Find out how educational programs like GrainBridge and Operating Wildlife are preparing the next generation of Kansas producers.
FFA students from 32 schools within eastern Kansas are gaining budgeting, grain marketing and farm business planning skills thanks to GrainBridge, a program that provides web-based farm risk management curriculum tools at no cost to educators and students in agricultural classrooms as part of Frontier Farm Credit’s funding support.
Through the instruction of 20 interactive modules, students walk away with a better understanding of how to manage risk from pre-planning to point of sale using live market data. They also practice managing virtual farms and ranches by stimulating market events and scenarios that affect profitability.
"Teachers love the real-world applications of the program and its relevance to what is happening in production ag today."
– Jordyn Bader
“We often hear from teachers that they love the real-world applications of the program and its relevance to what is happening in production ag today,” says GrainBridge education and outreach coordinator Jordyn Bader.

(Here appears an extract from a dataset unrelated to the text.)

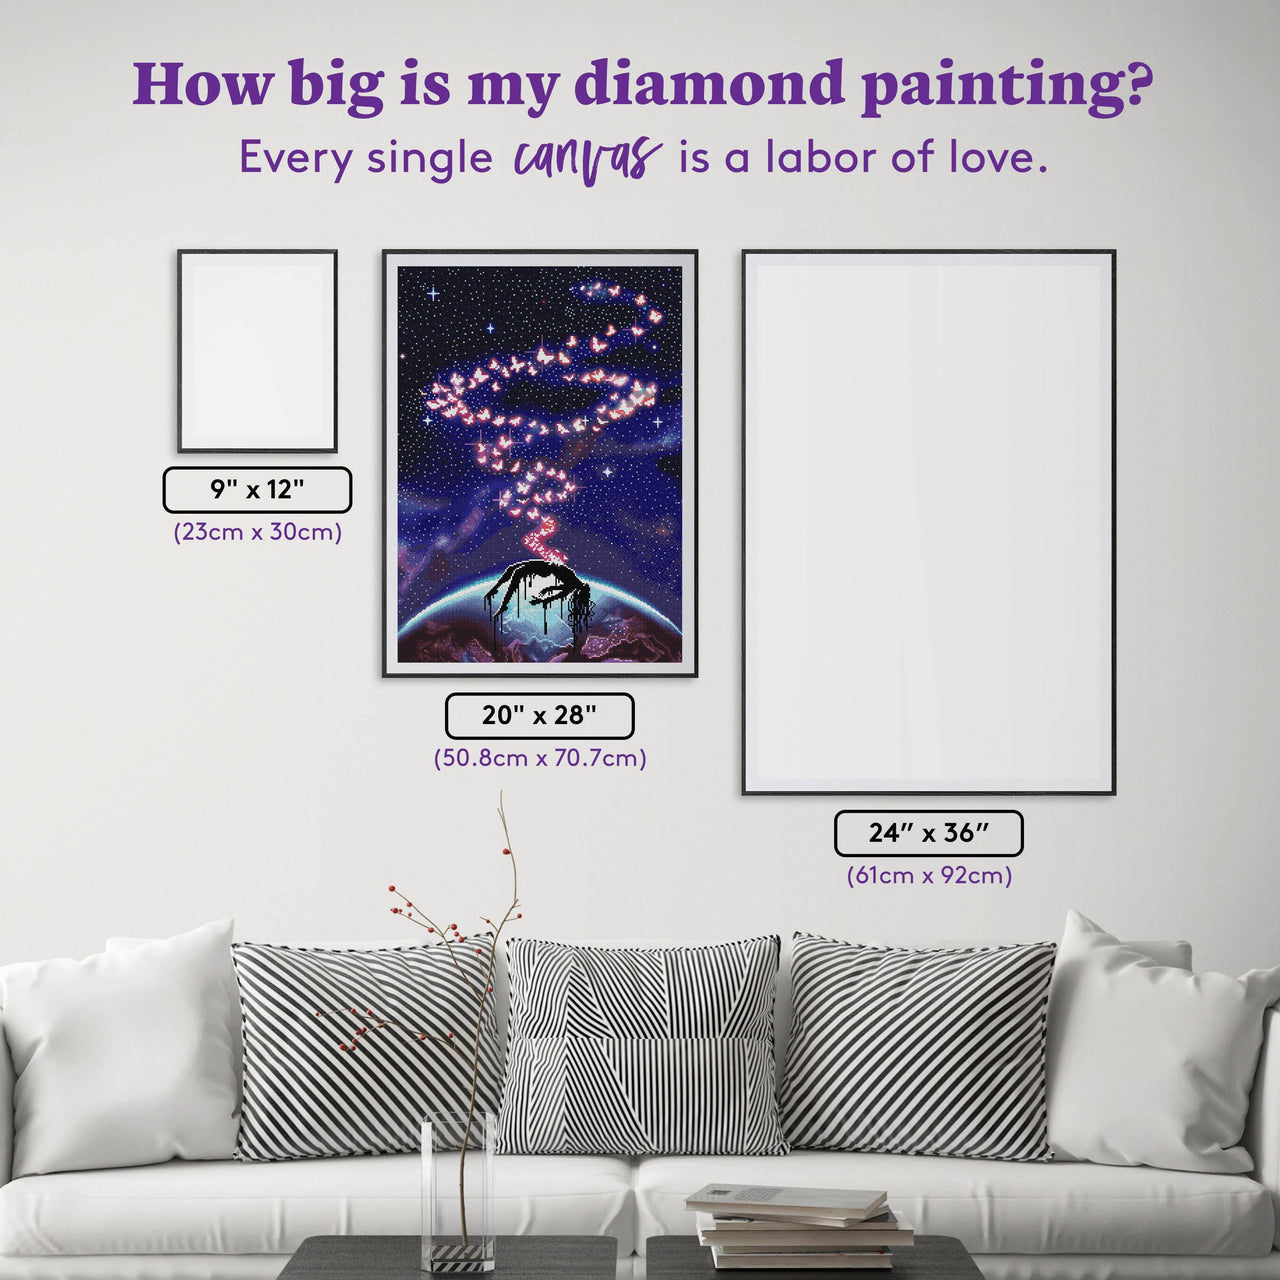 Diamond Painting Butterfly Sin 20" x 28" (50.8cm x 70.7cm) / Round With 46 Colors Including 2 ABs and 1 Iridescent Diamonds and 1 Fairy Dust Diamonds / 57,936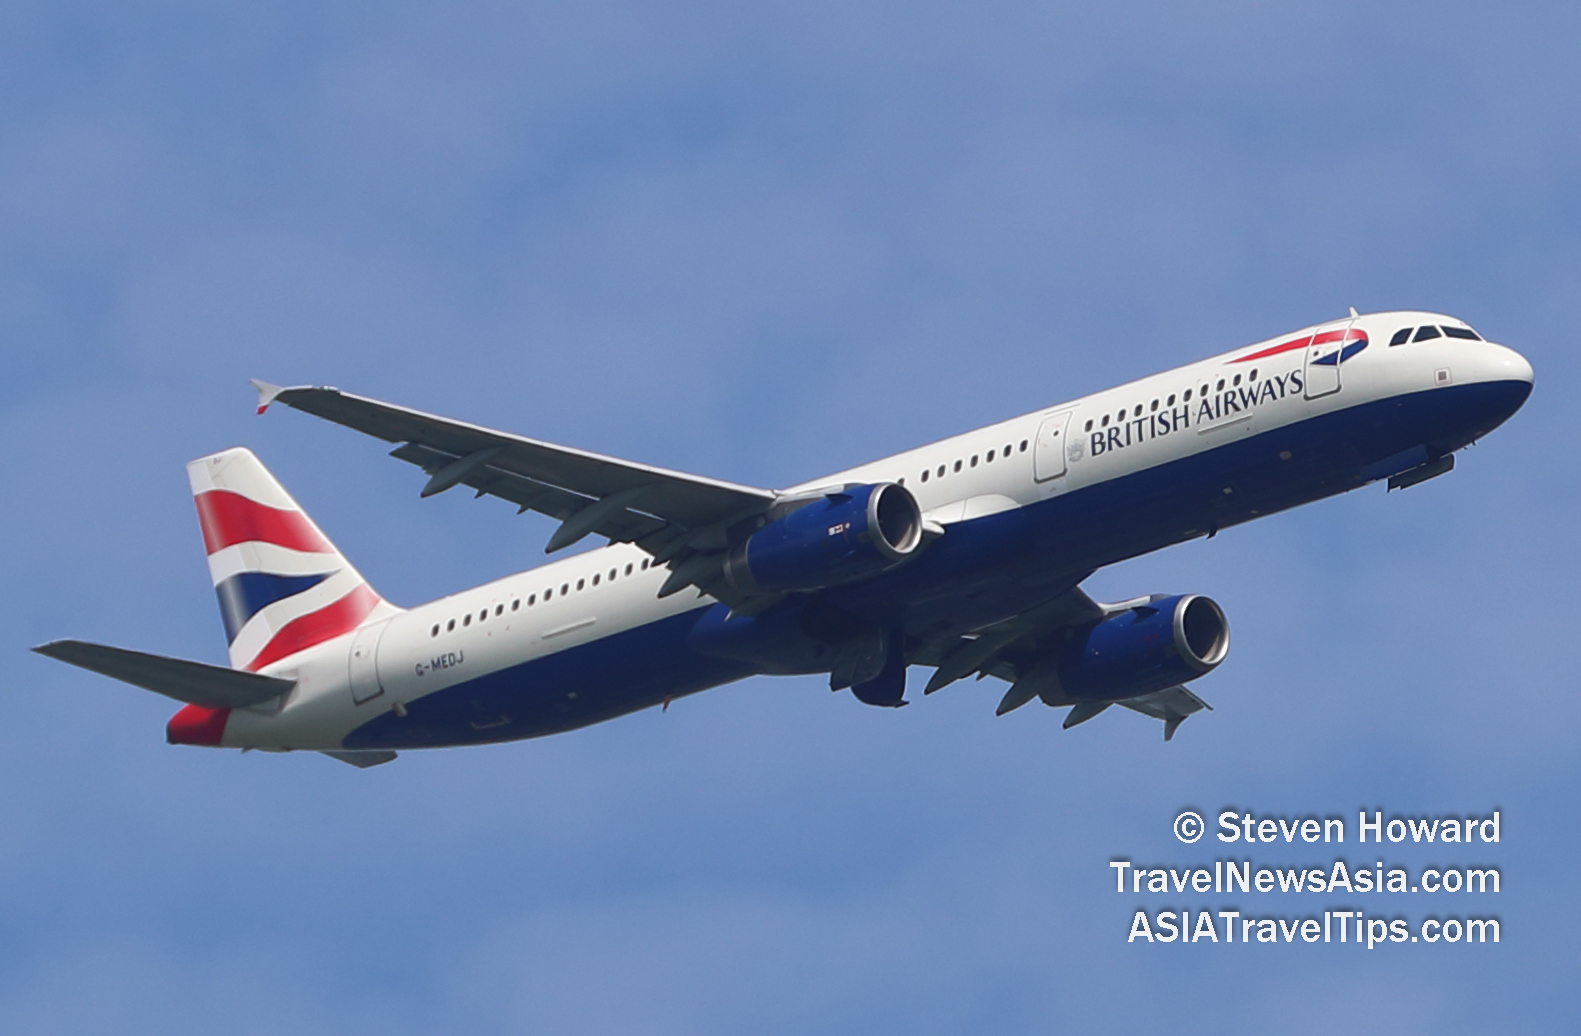 British Airways Airbus A321 reg: G-MEDJ. Picture by Steven Howard of TravelNewsAsia.com Click to enlarge.

According to Bader, the experiential learning tool is making an impact outside of the classroom, too.
“We have a number of students who are transitioning what they are learning in the classroom and applying it to their family’s operation or even their own production-based project as part of their supervised agricultural experience,” says Bader.
Making Connections Between Pollinators and Production Agriculture
Another educational outreach program organized by Operation WildLife, is working to expose elementary students to the important environmental role honeybees play as pollinators.
Students in participating schools will be able to see honeybees at work in a portable observation hive while learning about their social structure, the special challenges they face and how they benefit food and agriculture systems.
“As part of our mission to provide wildlife education, we decided to branch out and do outreach education in the classroom emphasizing the primary role honeybees play as pollinators,” says Diane Johnson, executive director of Operation WildLife.
“Education starts early, and if we can make children aware of honeybees up close and personal, the more they will understand their value.”